Kulüpler bazında ise dernek olarak İçişleri Bakanlığı'na, bir şirket olarak Ticaret Bakanlığına ve Sermaye Piyasası kuruluna, spor kulübü olarak da Spor Bakanlığı'na olacak şekilde kıskaç altına alıyor. Türk Ceza Kanununa eklenmesi gereken kulüp yönetimlerine hapis cezası dahi yer almış teklifte. İçişleri Bakanlığı ve ildeki yerel amire ( vali?) spor kulüplerinin herhangi bir yöneticisine bir suç isnadı ile sadece kovuşturmaya alınmasında dahi, o yönetici ve tüm yönetimi görevden almaya, bundan hareketle spor kulübünü de yarışmalardan men etmeye ve dahi tescilini iptal etmeye yetkilendirilmiş bulunuyor. Siyasi amaçla kurulmuş STK’lara bile yapılamayacak şekilde, henüz yargı kararı dahi olmadan sadece kovuşturma ile bunları yapabiliyor. Spor kulübüne potansiyel suçlu örgüt gözüyle bakıyor. Spor federasyonlarından ve kulüpler birliğinden ayrı ne amaçla kurulduğu anlaşılamayan, spor bürokrasisinde de şüphe ile bakılan bir üst kuruluş tanımı var (12.madde.) Paralel federasyonlar ve konfederasyonlar tanımlanıyor. Mevcut kulüpler birliğinin mevcut federasyonların yanında bunun ne iş yapacağı belli değil. Tüzel kişiliği var. Bu üst kuruluşa dahilolan kulüpler kendi arasında her türlü imkanı ortak etme, yardımlaşmaya imkanı sağlanıyor. "Kaynak ve güçlerini birleştirmek, yardımlaşmak, tesislerini ortaklaşa kullanmaktan" bahsediyor. Bu üst kuruluşa dahil olan ve de olmayan spor kulüplerinin aynı lig içerisindeki yarışmaları açısından, kuruluş içindekiler dışındakilere göre serbest adil yarışmaya karşı avantaj sağlanıyor. Bu da şike ve teşvik için yasal bir alt yapı oluşturuyor.

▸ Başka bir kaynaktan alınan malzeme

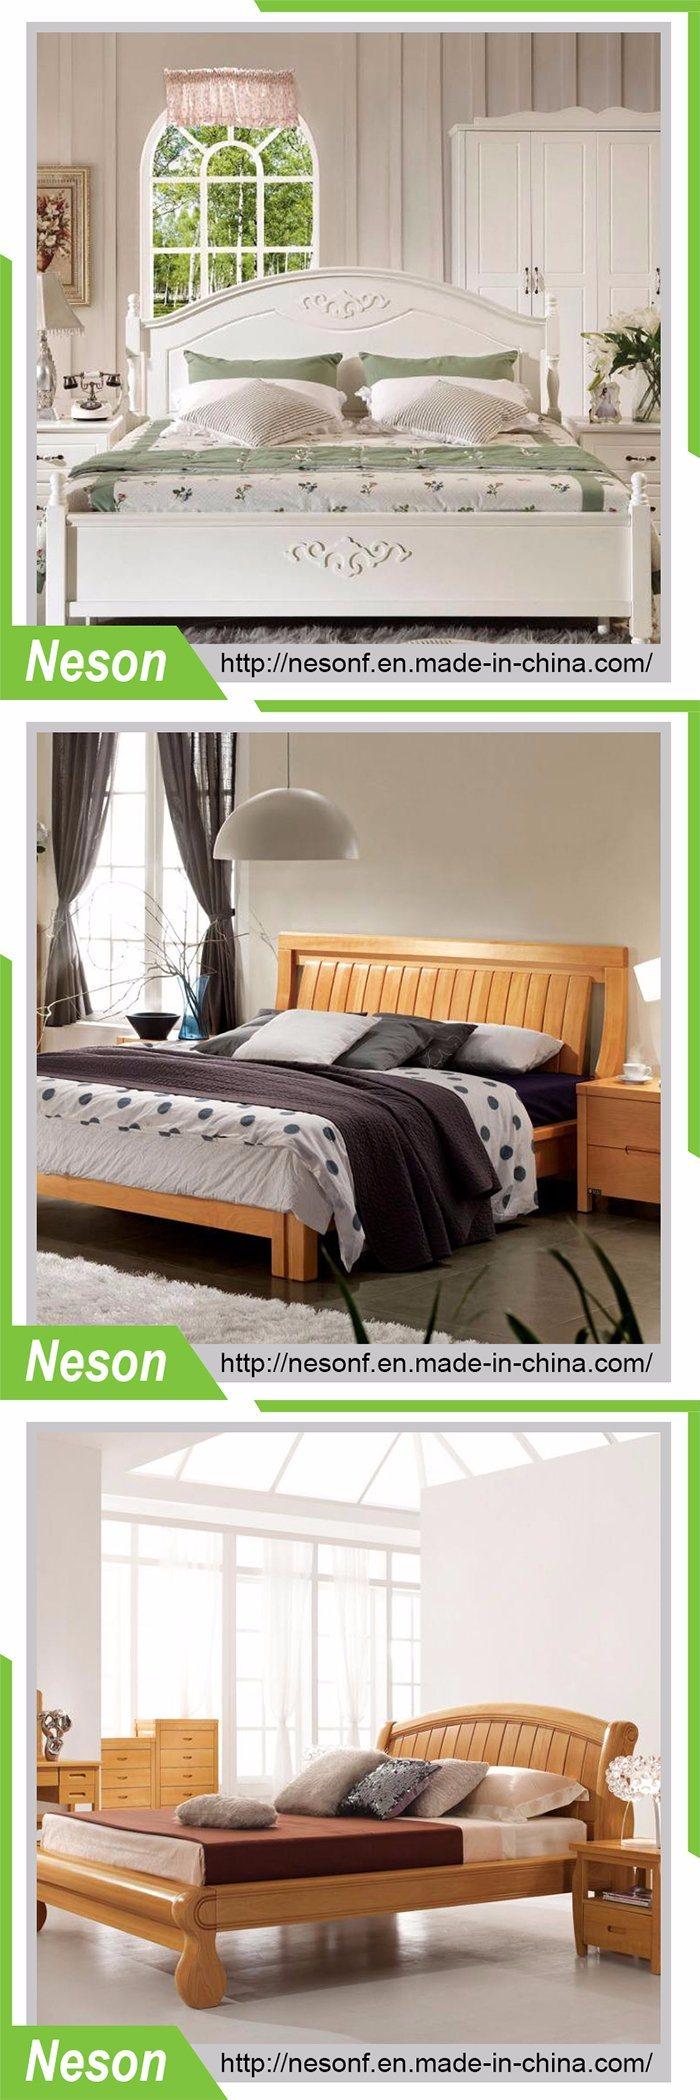 Flexica multicolores de pared artesanal camas plegables (HX-8NR1014 ...

Bunun yanında federasyon malları devlet malı hükmünden çıkartılarak, istenmeyen adam ilan edilen federasyon başkanlarına haciz baskısı ile istifaya zorlamanın yolu açılıyor. Tek bir siyasi görüşe bağlı hale getiriliyor.

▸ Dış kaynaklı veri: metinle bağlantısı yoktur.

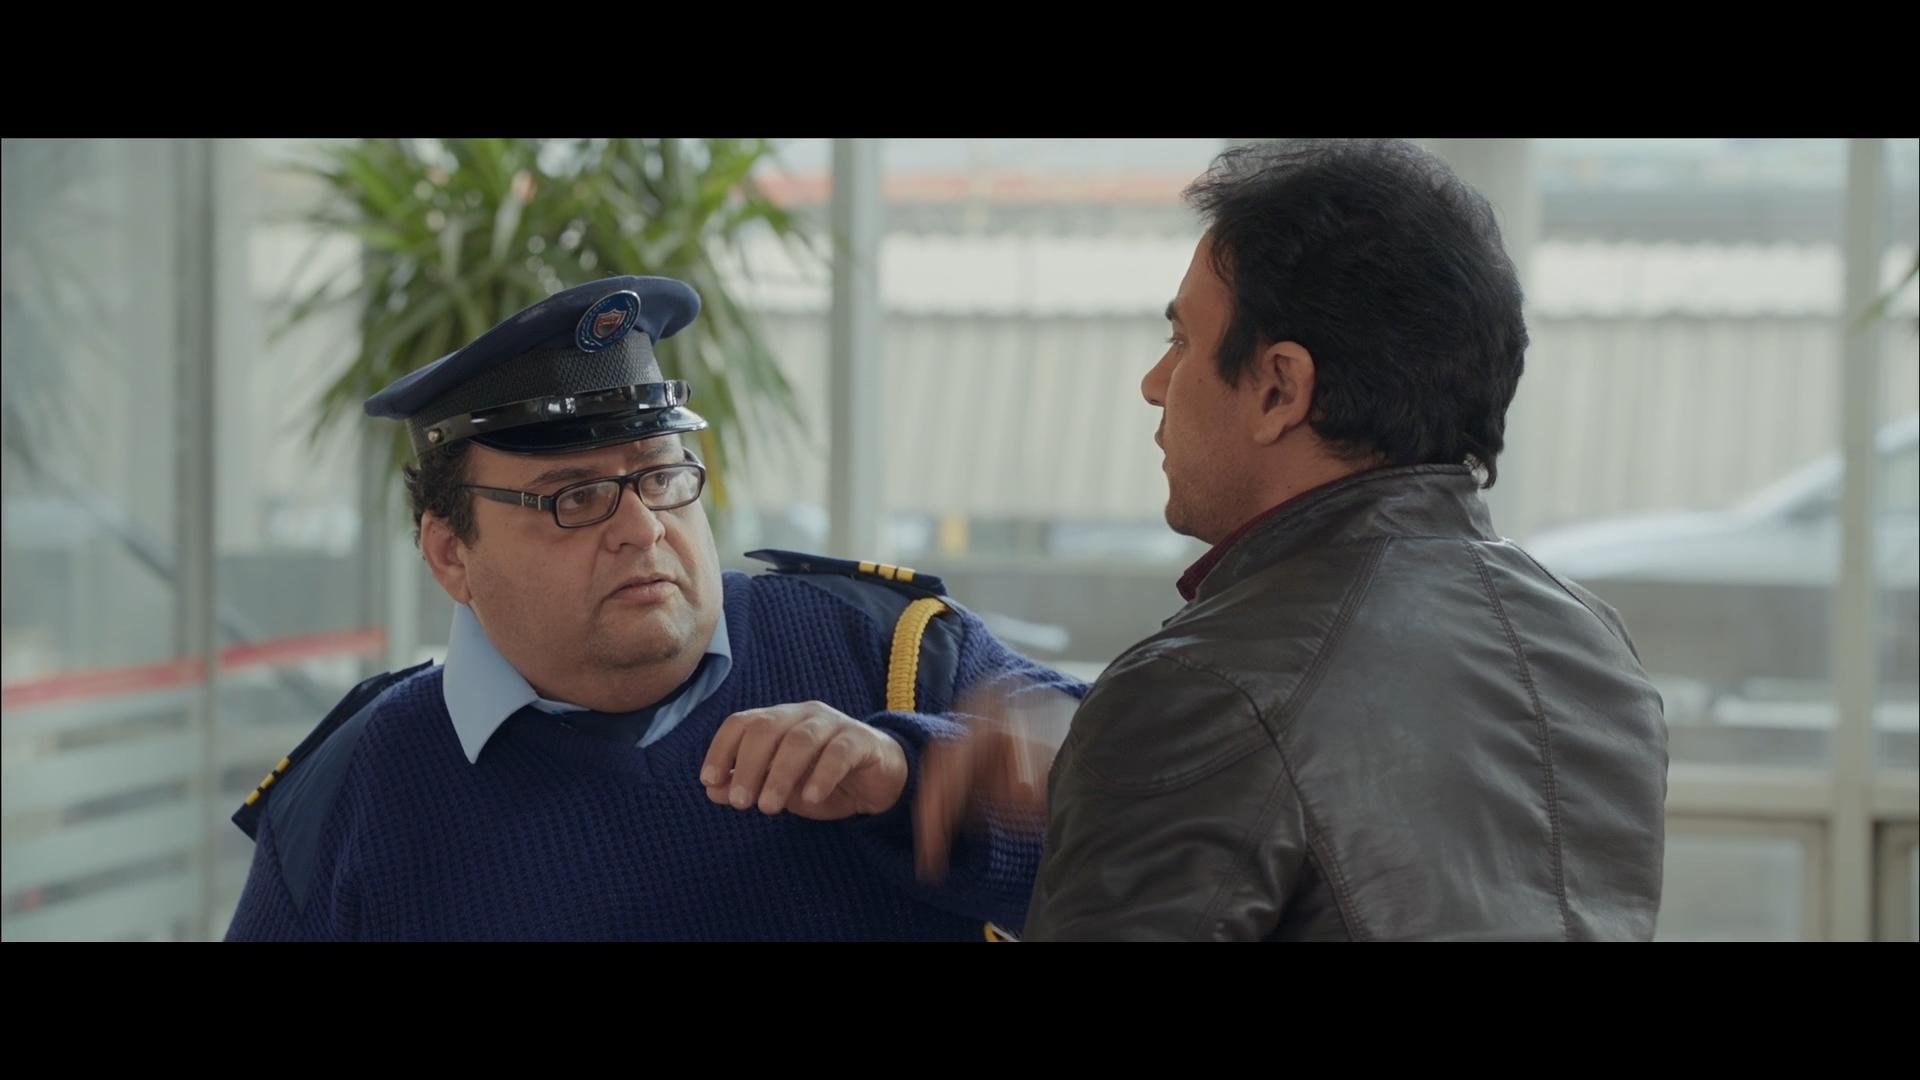 [فيلم][تورنت][تحميل][هروب اضطراري][2017][1080p][Web-DL] 15 arabp2p.com

Spor dalı belirlenmesi de spor bakanına bırakıldığından, bayan spor dallarına da müdahale yolu açılıyor. Yani federasyonun hangi spor dalına bakacağına kadar müdahale yolu açılmış oluyor.

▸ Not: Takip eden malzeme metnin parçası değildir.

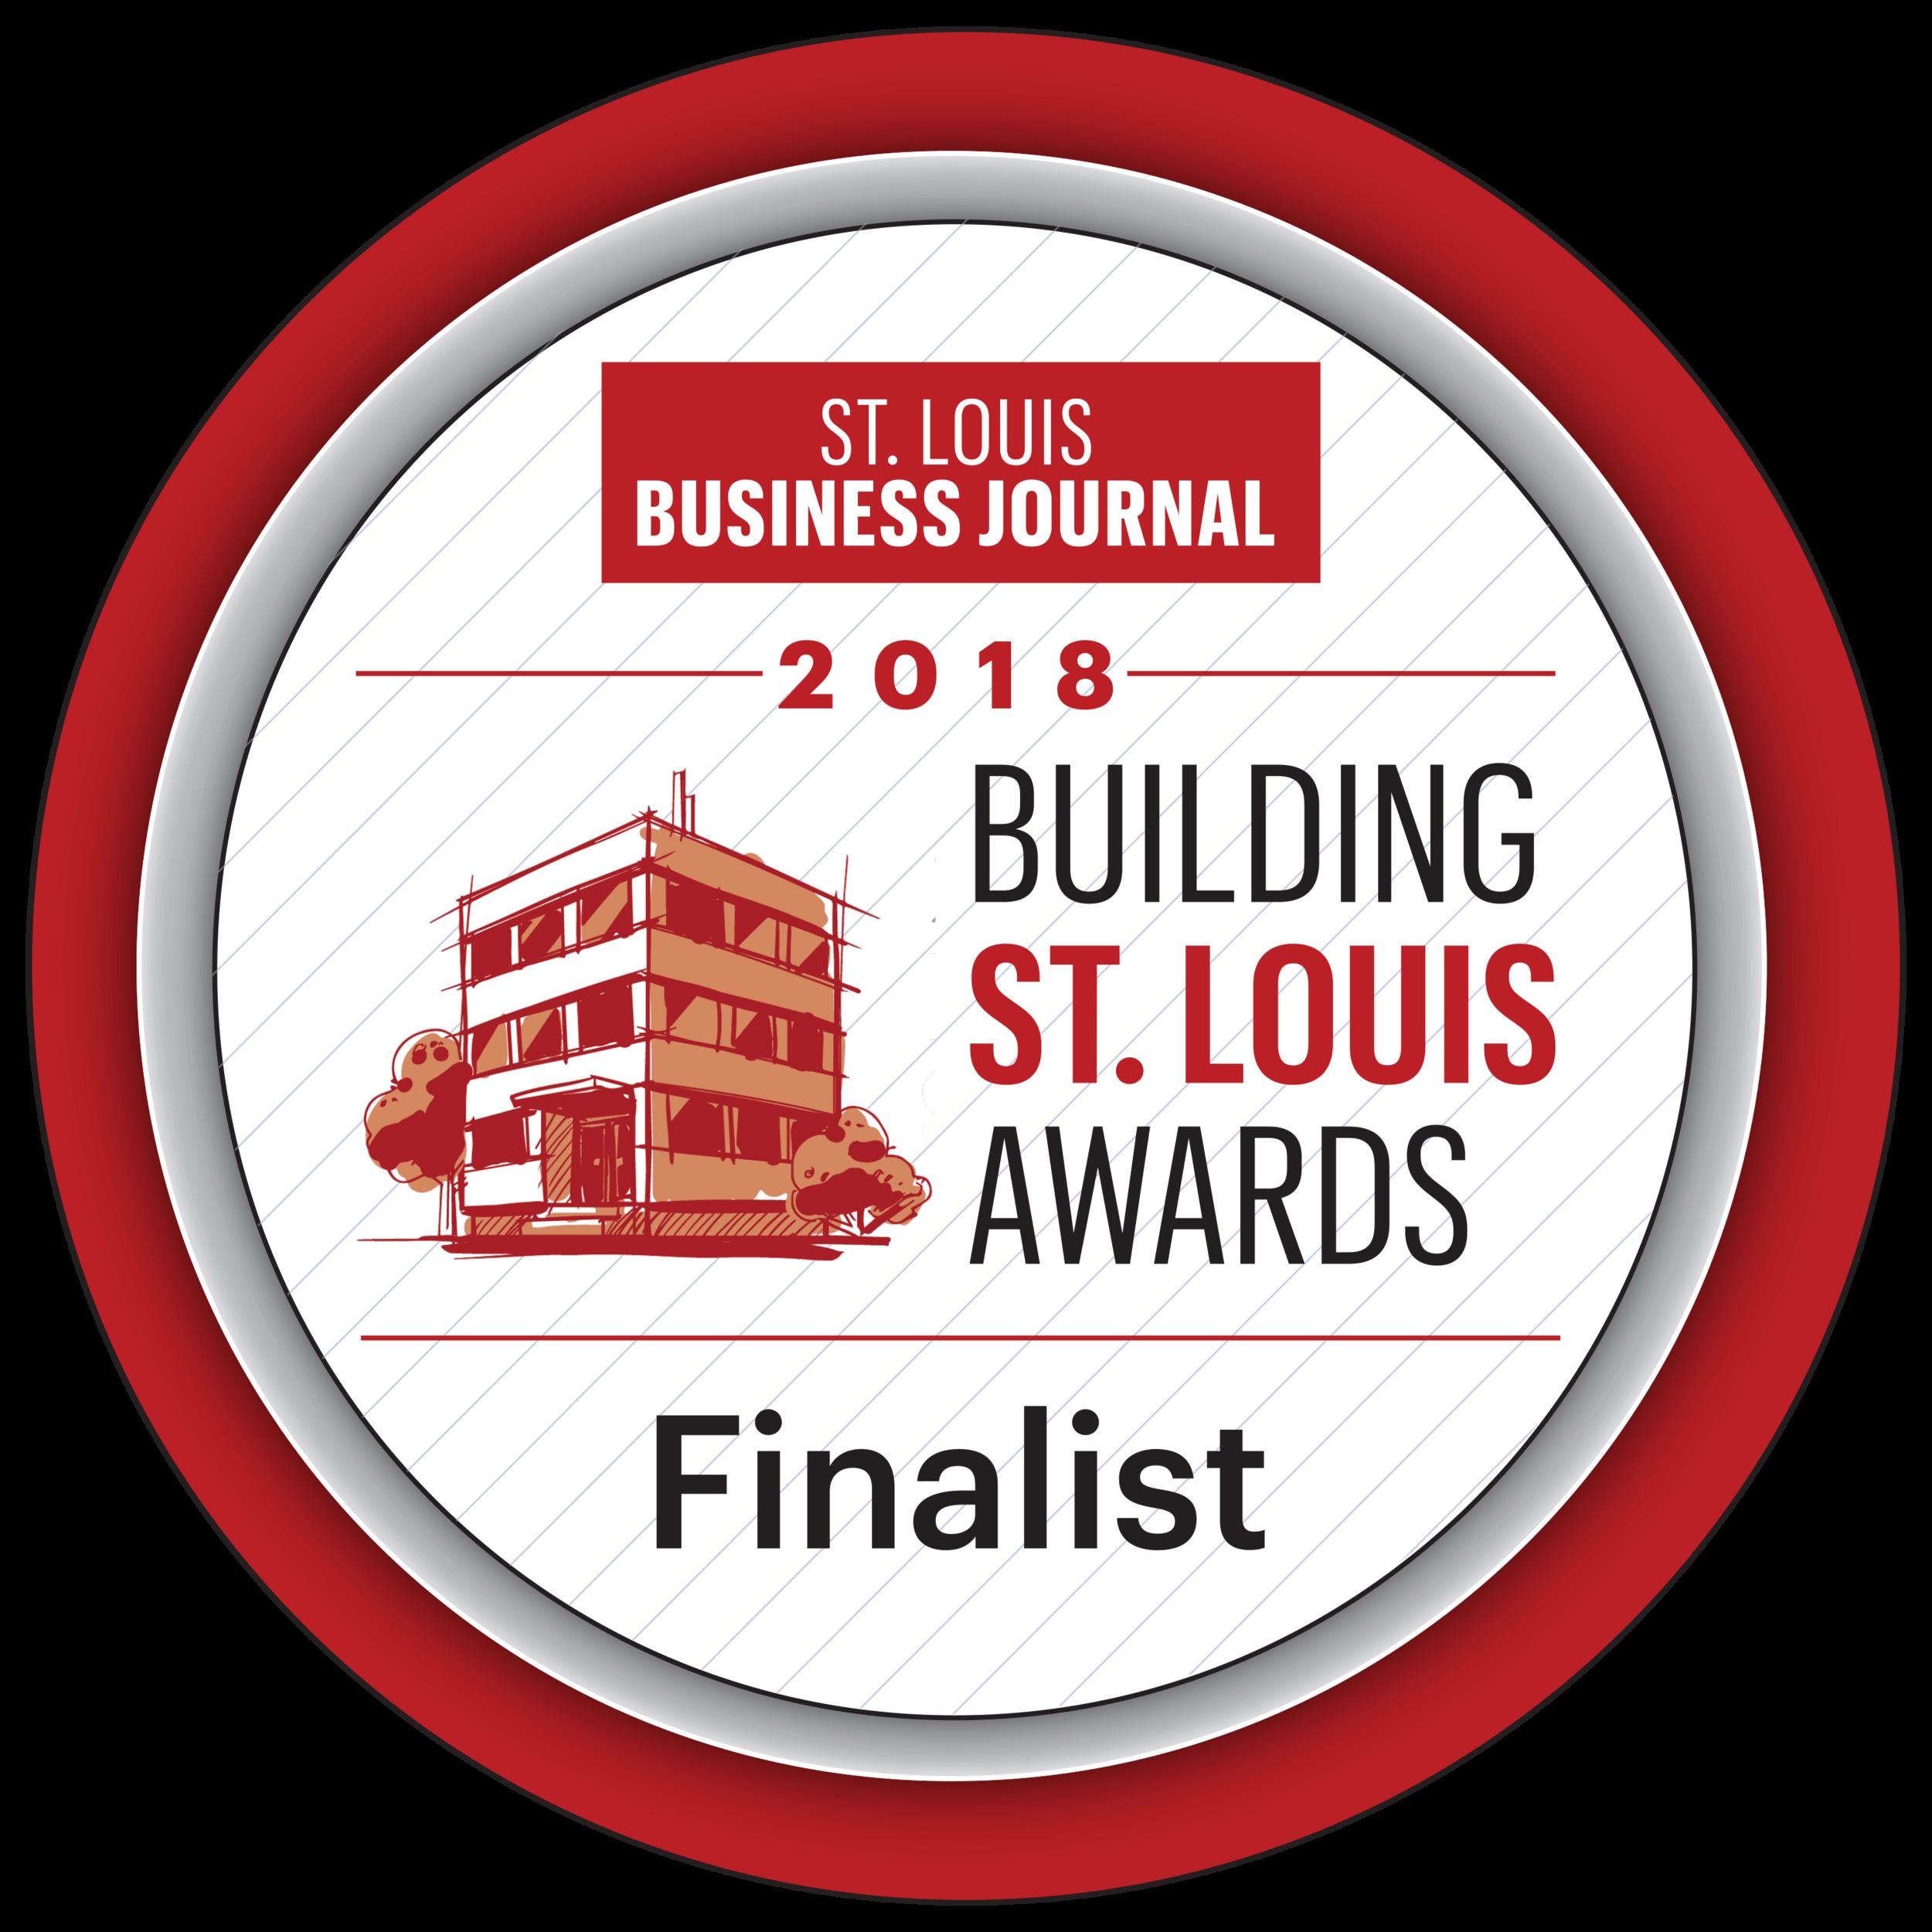 2018 Building St. Louis Awards

Genel kurula ait olan ibra etme yetkisi budanıyor ve ibra edilmiş olsa bile federasyon yönetimine karşı hukuki yol açılıyor.
Sadece Bakanlıkça gönderilen bütçe için mali denetim yolu, bütün işlemlere açık hale getirilip federasyonları müfettiş baskısı ile sindirme yolu açılıyor. Uydurma raporlarla federasyon başkanlarına hak mahrumiyeti cezası verilerek başkanlığı sona erdiriliyor.
Spor ceza yargısında tarafsız olmayan ve bakan ataması ile gelen Tahkim Kurulu aynen bırakılıyor. Tahkim Kurulu olunabilmesi için tarafların hakemlerinin de yargılamada bulunması gerekir. Bu yapıda bu yol kapalı olduğu gibi, spor hukuku bilgi ve deneyimi olmayan kişilerden oluşturularak, adamına göre karar verme yoluna devam ediliyor. Uluslararası Spor Tahkim Mahkemesi yapısı ile hiç ilgisi bile olmayan hazır kıta bir ceza kurulu yapısı aynen devamı isteniyor."